Love RAFs? CRO Forum's Risk Appetite survey

The CRO Forum have recently published the results of their 2014 survey on Risk Appetite development in insurance entities. It is perhaps the oldest drum in Risk Management Town, but one we are always happy to hear the beat of, and while we shouldn't expect a forum with such luminary members to deliver any shocking results, a careful sift through the carcass is always a smart idea.

The Cure - to tolerance breaches?

The final presenter at the PRA's recent NED briefing noted that Risk Appetite is "no longer an aspiration", a comment I felt was further behind the times than Nana wearing Juicy Couture. That said, on page 8 it suggests that less than a quarter of firms are "very satisfied" with their RAF maturity, and over a third feel they have "a lot of work to do", so perhaps he hit the nail half on the head...

This document should clarify whether that caution is justified, and with 48 responses from the top table, it should be a reliable benchmarking tool. Despite starting like a GCSE essay ("the topic of Risk Appetite has exploded"?), it contains some useful, if a little dry, benchmarks, such as;

• Principles for a RAF (p3-4) - hard to argue with
• Main goals - dominated by preserving capital, while only a third are looking to "improve shareholder value" or "optimise capital"
• Main stakeholder list (p5) seems good in breadth and priority
• Almost everyone is using regulatory capital in some way as a Risk Tolerance measure (p9)
• Stress and Scenario testing is being used by 80% to set Risk Tolerance levels, which feels at the right end of expectations
• 60% report quarterly, with most others slightly more or less frequent

It takes a few odd turns, in particular;

• One of the main objectives cited (p4) seem to be centre around boiling down things into a single document. I appreciate that pressure, but surely we feel that a RAF has a more substantial objective that document consolidation?
• "Development of a Risk Appetite Statement is an evolution" (p6) - don't agree at all, it is a task, otherwise it would never get done.
• Coverage of Risk Appetite Statements as "regulatory requirements", in particular under Solvency II. Just because the industry is choosing to discharge its obligations in EIOPA's Guidelines (SoG 15 & 16) by producing a single statement document, it doesn't make a Risk Appetite Statement a requirement.
• Less than half are using a "1-in-x" loss that would breach regulatory capital in their Risk Tolerances - just feels like a very obvious one to use, so suprised by that number

Some of the more practical issues faced by firms are well covered, for example;

• Difficulties for Groups when setting risk appetite. Does the parent/head-office set overall appetite, and the children sub-divide it by business unit/risk category/Both? Do the children set their own appetites and feed them up for aggregation?
• Listing Risk Concentration targets looks awkward across the board (p5). While firms seem to be able to quantify Liquidity and Capital targets in their Risk Appetite Statements, other categories are much less consistently quantified. Market, Credit and Insurance Risk appear to be quantified by less than a third of respondents, preferring to address these in separate policies/guidelines (a Solvency II by-product perhaps?).
• Setting Risk Tolerance levels is highlighted as a "minor" improvement required by over 60% of respondents.
• There is a veritable bombsite of Earnings at Risk metrics in use, which is healthy for the industry I guess (p10).
• What does one do when Risk Tolerance level is breached? Around a third are not OK with limit breaches and demand immediate rectification, while two thirds allow for a "Cure Period" to return the Risk Profile to its required form. A "Cure Period" seems the fairest breach rectification approach to me - after all, I don't care if Monday's blue...

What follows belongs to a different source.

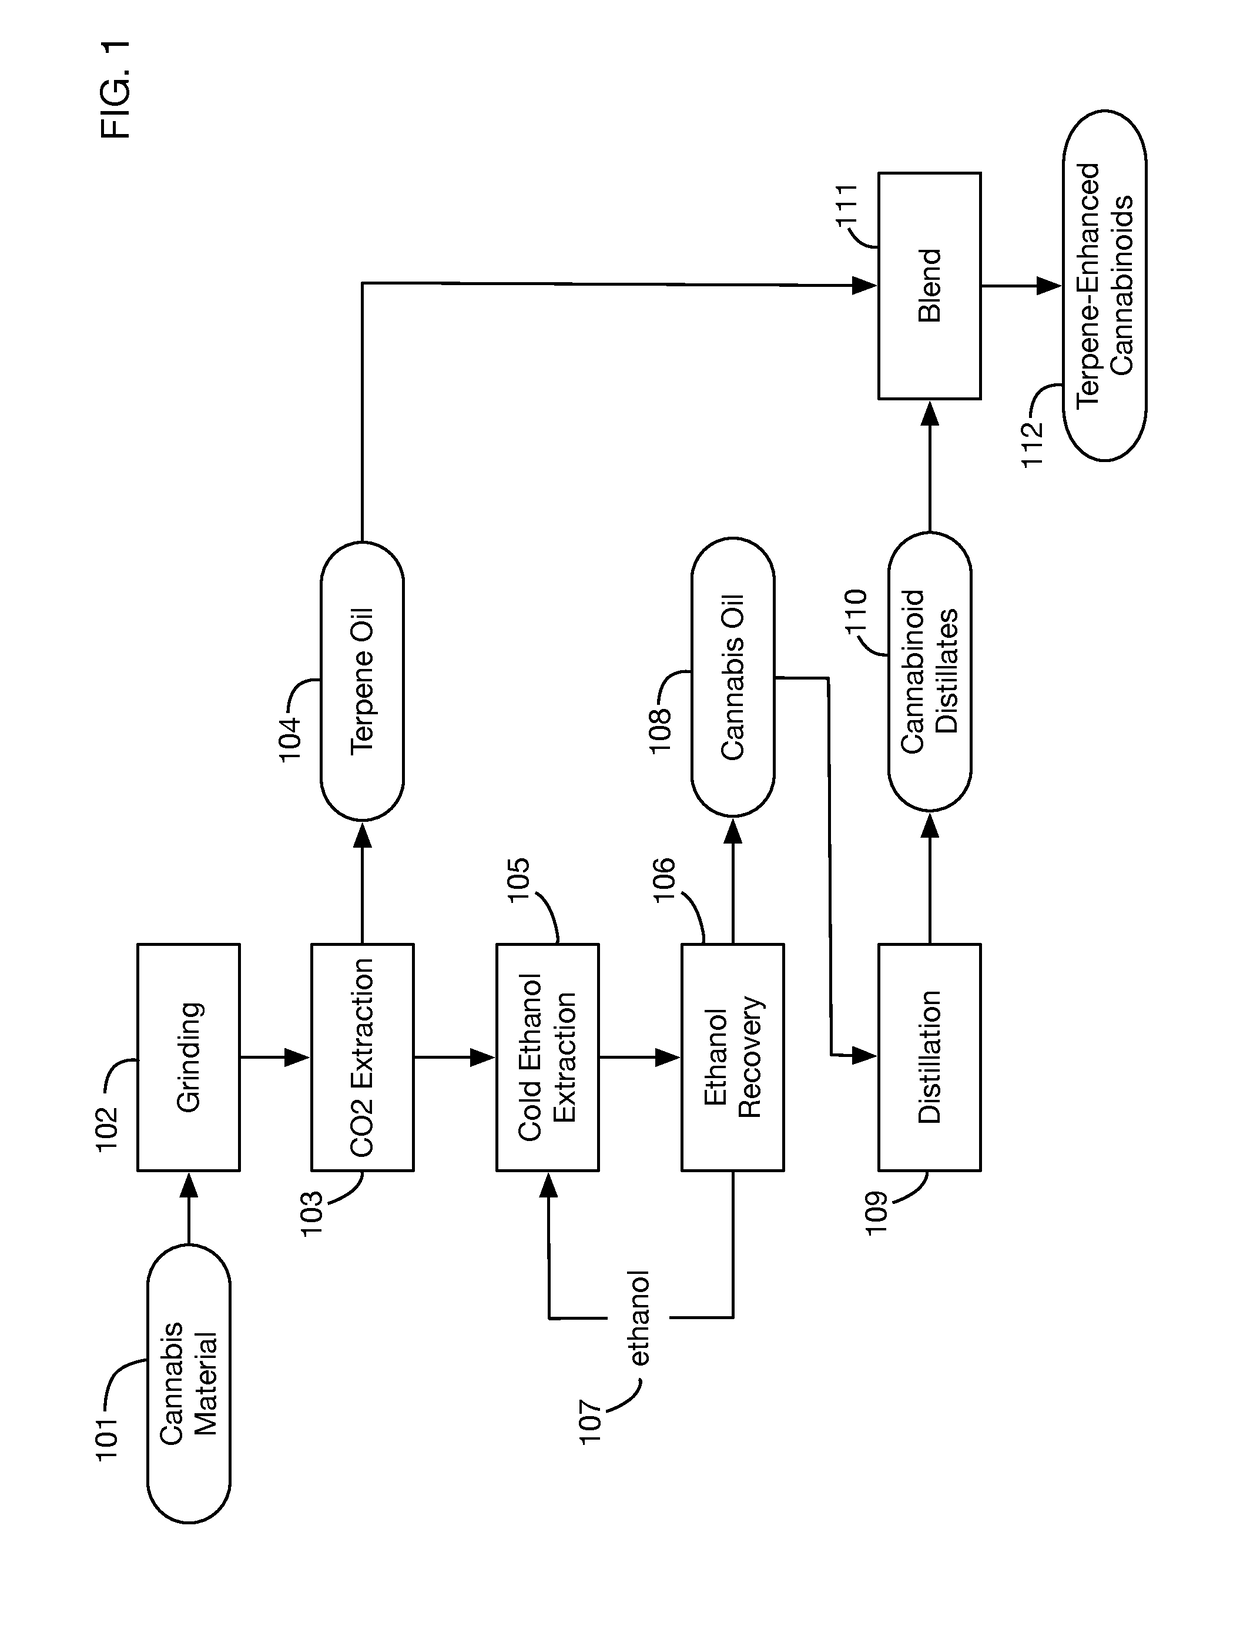 Method for removing contaminants from cannabinoid distillates

A worthy benchmarking document, so fill those boots.

Financial Stability Board - Principles for an Effective Risk Appetite

Christmas has come early everyone - the Financial Stability Board have released their Principles for an Effective Risk Appetite Framework today, and I'm greedily ripping in to it before JC's birthday like a spoilt, yet handsome child...

FSB's RAF Principles published- 

send the car back lads...

There has been a reasonable amount of traffic on Risk Appetite this year (here, here and here for a start), after the FSB but announced their consultation earlier in the year, I've been on tenterhooks. This was following of the back of a thematic review on Risk Governance as a whole by the FSB, which they published back in February.

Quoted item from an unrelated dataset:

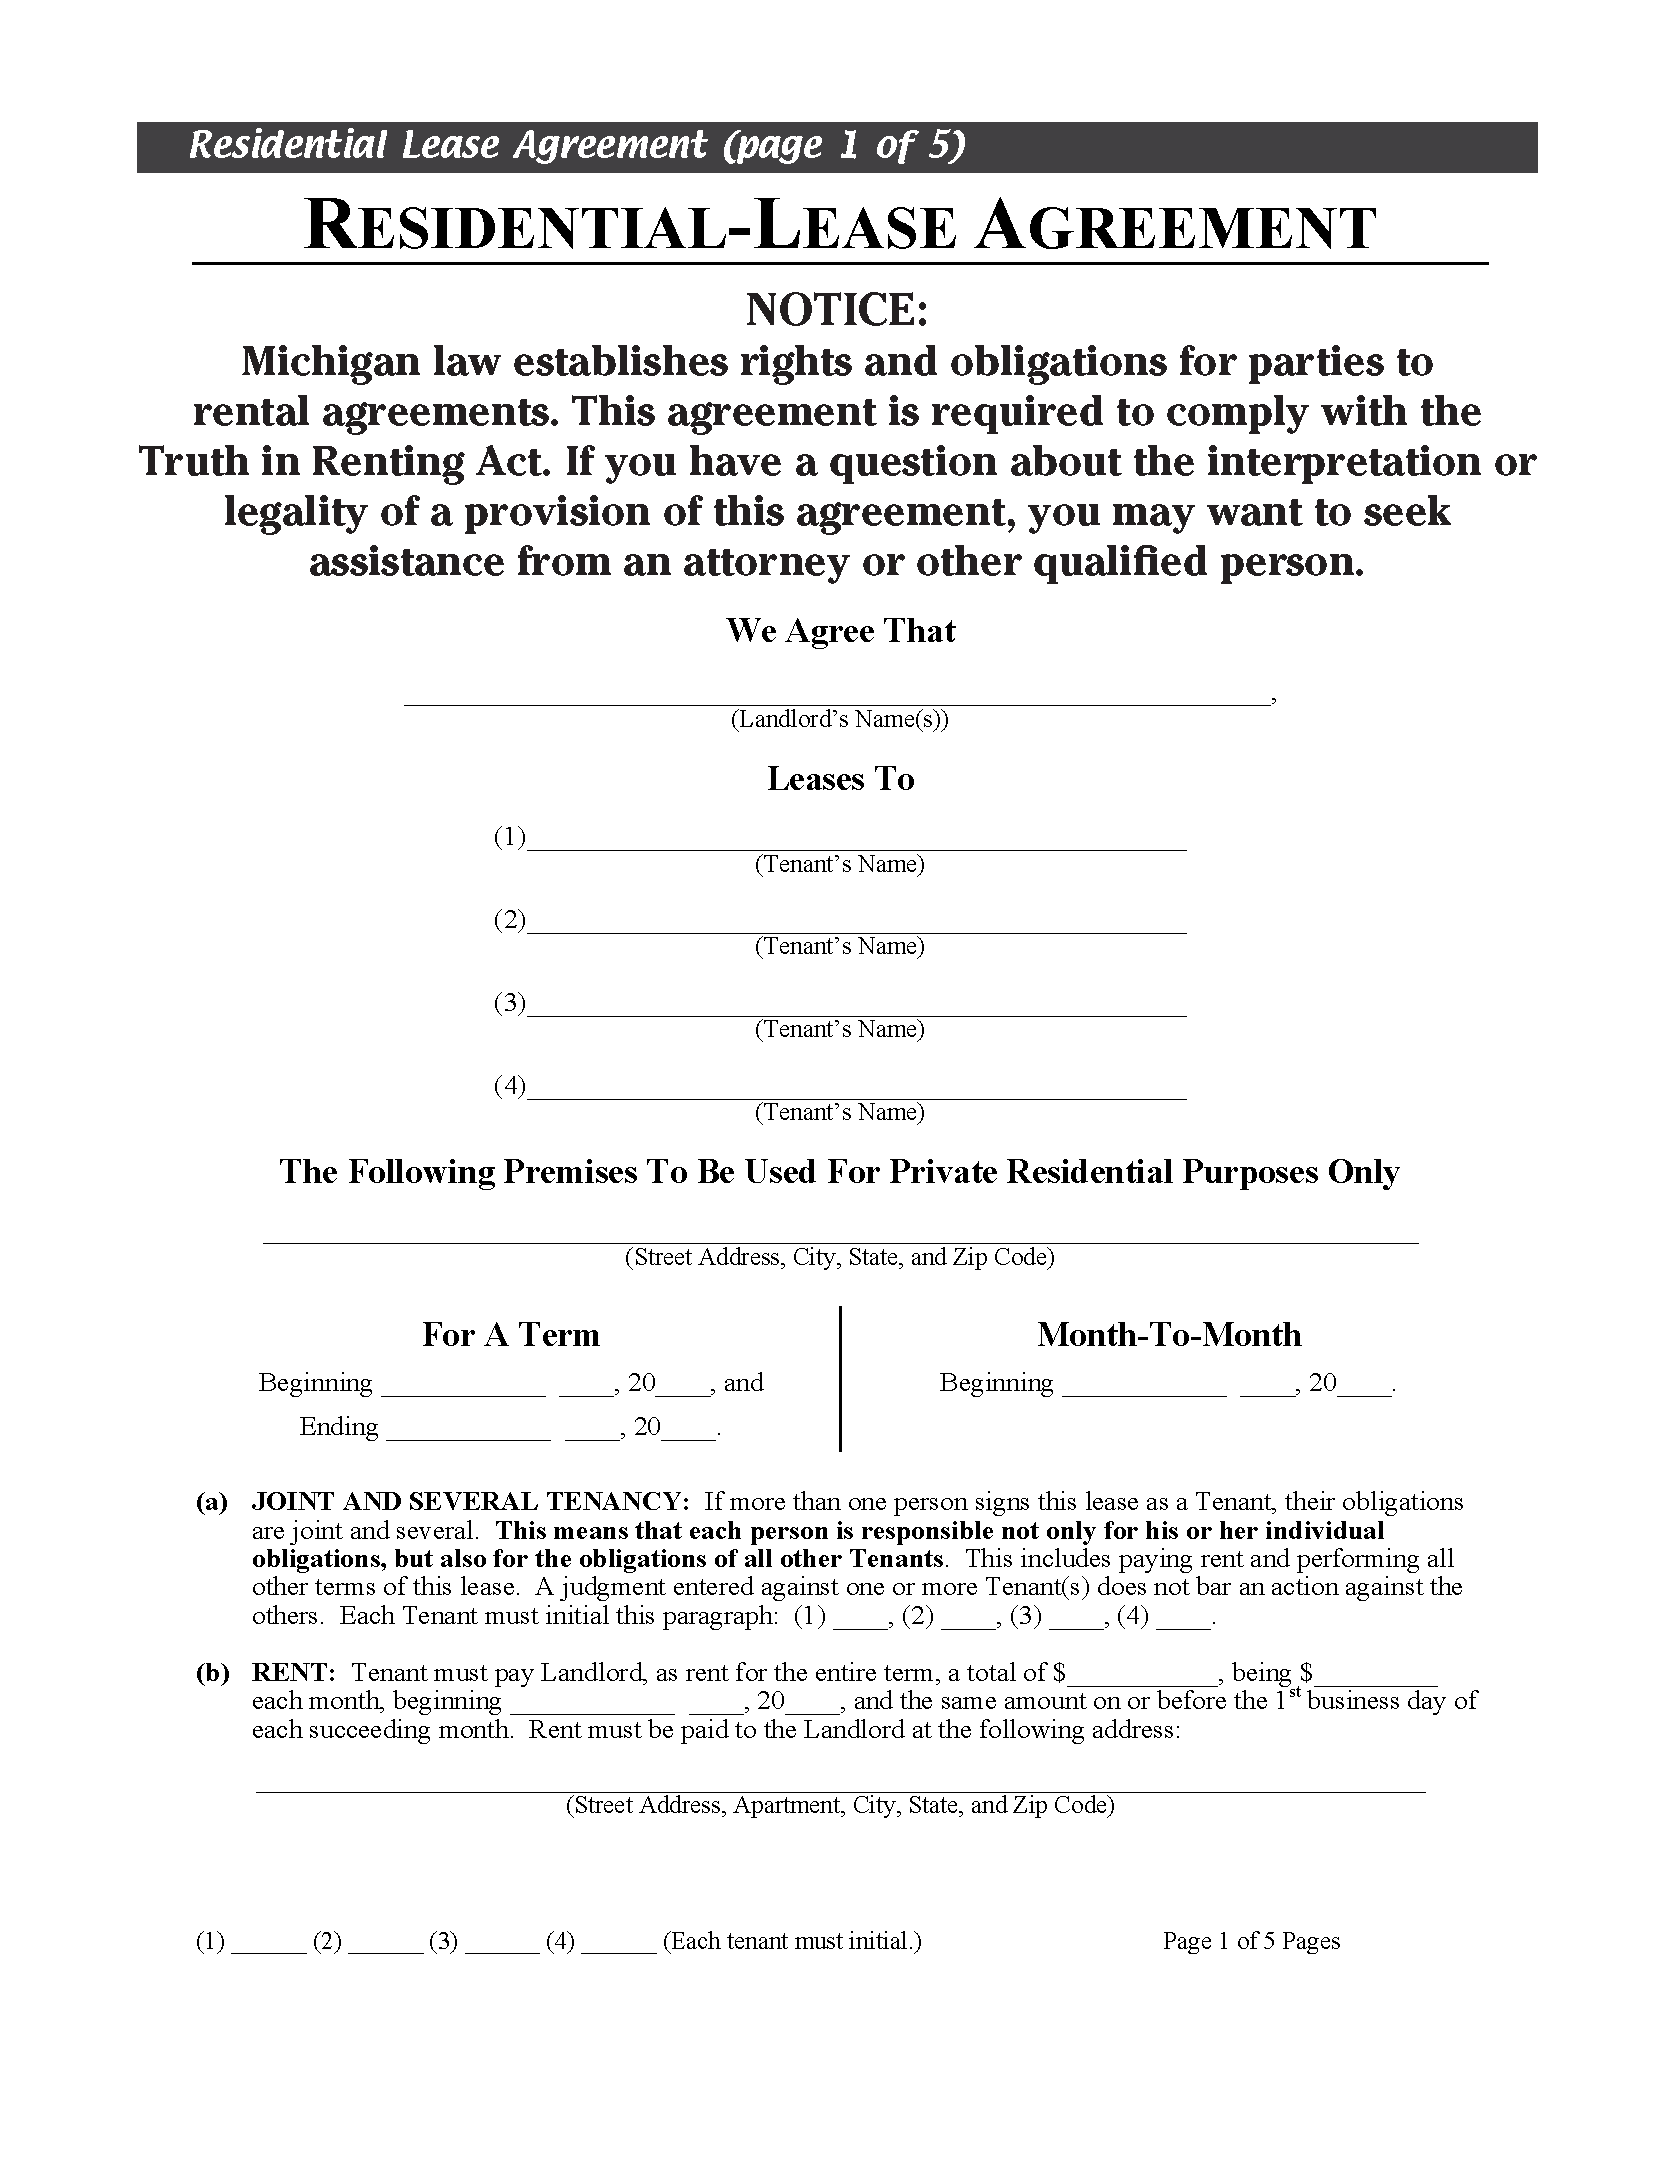 Standard Michigan Residential Lease Agreement Printable Form

So where do they take this deep dive into Risk Appetite? Other than awkwardly shoehorning in the soup de jour of "SIFIs", they stick to the hard areas which will get every risk practitioners' attention (namely, Risk Appetite Framework, Risk Appetite Statements, Risk Limits and Roles and Responsibilities), though "for clarity and simplicity", they jettison the use of Risk Tolerance. Definitions are supplied on p2-3, which you may find useful as anchor references.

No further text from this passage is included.